> **Dataset records**

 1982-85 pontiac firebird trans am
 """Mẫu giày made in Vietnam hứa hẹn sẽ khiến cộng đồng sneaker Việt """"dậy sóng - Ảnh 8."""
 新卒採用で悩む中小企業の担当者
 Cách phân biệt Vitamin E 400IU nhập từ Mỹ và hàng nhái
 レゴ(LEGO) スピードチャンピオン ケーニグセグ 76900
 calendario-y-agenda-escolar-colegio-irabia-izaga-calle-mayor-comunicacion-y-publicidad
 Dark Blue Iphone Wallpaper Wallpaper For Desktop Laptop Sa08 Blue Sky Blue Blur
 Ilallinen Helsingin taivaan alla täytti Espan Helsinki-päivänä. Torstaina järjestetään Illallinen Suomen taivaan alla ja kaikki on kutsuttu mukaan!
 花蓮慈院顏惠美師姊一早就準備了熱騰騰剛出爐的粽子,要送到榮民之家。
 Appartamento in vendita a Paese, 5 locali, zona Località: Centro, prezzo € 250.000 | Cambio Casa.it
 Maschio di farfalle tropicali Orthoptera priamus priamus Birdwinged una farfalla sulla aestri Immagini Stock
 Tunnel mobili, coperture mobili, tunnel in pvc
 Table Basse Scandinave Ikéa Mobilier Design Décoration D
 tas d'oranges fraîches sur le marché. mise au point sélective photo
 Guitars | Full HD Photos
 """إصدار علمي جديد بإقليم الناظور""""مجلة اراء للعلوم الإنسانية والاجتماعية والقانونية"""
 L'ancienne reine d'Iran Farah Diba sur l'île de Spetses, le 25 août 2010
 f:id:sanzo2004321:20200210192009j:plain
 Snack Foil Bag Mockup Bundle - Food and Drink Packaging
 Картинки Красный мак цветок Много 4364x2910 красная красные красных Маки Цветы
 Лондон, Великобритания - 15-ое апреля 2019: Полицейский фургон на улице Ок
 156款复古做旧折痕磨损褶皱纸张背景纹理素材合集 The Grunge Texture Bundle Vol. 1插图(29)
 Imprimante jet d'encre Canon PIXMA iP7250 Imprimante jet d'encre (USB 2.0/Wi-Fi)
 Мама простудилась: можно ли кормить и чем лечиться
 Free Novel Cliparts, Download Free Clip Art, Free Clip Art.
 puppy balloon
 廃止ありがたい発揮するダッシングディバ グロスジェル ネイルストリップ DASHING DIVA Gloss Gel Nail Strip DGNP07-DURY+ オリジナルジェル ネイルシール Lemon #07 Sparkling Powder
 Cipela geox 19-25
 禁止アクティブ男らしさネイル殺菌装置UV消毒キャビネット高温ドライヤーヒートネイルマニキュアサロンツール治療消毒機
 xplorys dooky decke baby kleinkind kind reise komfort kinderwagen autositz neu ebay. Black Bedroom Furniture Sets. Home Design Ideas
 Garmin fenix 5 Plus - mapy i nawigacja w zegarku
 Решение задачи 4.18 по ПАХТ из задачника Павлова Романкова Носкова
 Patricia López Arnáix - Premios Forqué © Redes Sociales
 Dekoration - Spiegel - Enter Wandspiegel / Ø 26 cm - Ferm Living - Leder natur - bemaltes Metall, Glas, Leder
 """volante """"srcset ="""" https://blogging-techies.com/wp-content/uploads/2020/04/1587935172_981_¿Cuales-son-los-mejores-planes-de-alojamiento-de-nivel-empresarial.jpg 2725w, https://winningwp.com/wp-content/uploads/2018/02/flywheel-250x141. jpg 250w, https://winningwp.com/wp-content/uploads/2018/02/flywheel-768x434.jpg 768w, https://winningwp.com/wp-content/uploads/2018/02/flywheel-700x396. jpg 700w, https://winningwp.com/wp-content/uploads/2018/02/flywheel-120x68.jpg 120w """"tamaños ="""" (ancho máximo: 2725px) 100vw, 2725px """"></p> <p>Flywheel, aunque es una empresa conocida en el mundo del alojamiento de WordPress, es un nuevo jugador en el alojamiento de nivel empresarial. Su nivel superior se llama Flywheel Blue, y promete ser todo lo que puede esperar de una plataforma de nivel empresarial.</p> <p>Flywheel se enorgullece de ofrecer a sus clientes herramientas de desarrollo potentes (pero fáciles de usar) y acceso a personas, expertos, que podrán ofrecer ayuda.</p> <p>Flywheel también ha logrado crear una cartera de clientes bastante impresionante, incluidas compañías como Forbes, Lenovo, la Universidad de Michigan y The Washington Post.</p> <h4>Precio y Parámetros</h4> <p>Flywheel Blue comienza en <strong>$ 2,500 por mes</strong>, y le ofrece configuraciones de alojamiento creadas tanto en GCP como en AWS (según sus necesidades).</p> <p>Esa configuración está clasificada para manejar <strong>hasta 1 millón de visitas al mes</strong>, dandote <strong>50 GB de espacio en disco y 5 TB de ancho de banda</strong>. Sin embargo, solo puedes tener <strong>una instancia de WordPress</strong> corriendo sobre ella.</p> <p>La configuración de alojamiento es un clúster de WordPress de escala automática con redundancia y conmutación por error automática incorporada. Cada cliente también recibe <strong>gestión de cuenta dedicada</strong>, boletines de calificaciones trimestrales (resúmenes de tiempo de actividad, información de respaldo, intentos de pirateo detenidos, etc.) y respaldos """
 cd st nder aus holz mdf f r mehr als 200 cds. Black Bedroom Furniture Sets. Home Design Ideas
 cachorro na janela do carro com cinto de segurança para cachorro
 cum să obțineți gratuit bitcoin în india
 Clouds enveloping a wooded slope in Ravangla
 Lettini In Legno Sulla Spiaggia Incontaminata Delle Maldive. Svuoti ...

> **Work to be completed**
Copy out, from the listing above, every line that contains the string "Ideas".

> **Solution**
 xplorys dooky decke baby kleinkind kind reise komfort kinderwagen autositz neu ebay. Black Bedroom Furniture Sets. Home Design Ideas
 cd st nder aus holz mdf f r mehr als 200 cds. Black Bedroom Furniture Sets. Home Design Ideas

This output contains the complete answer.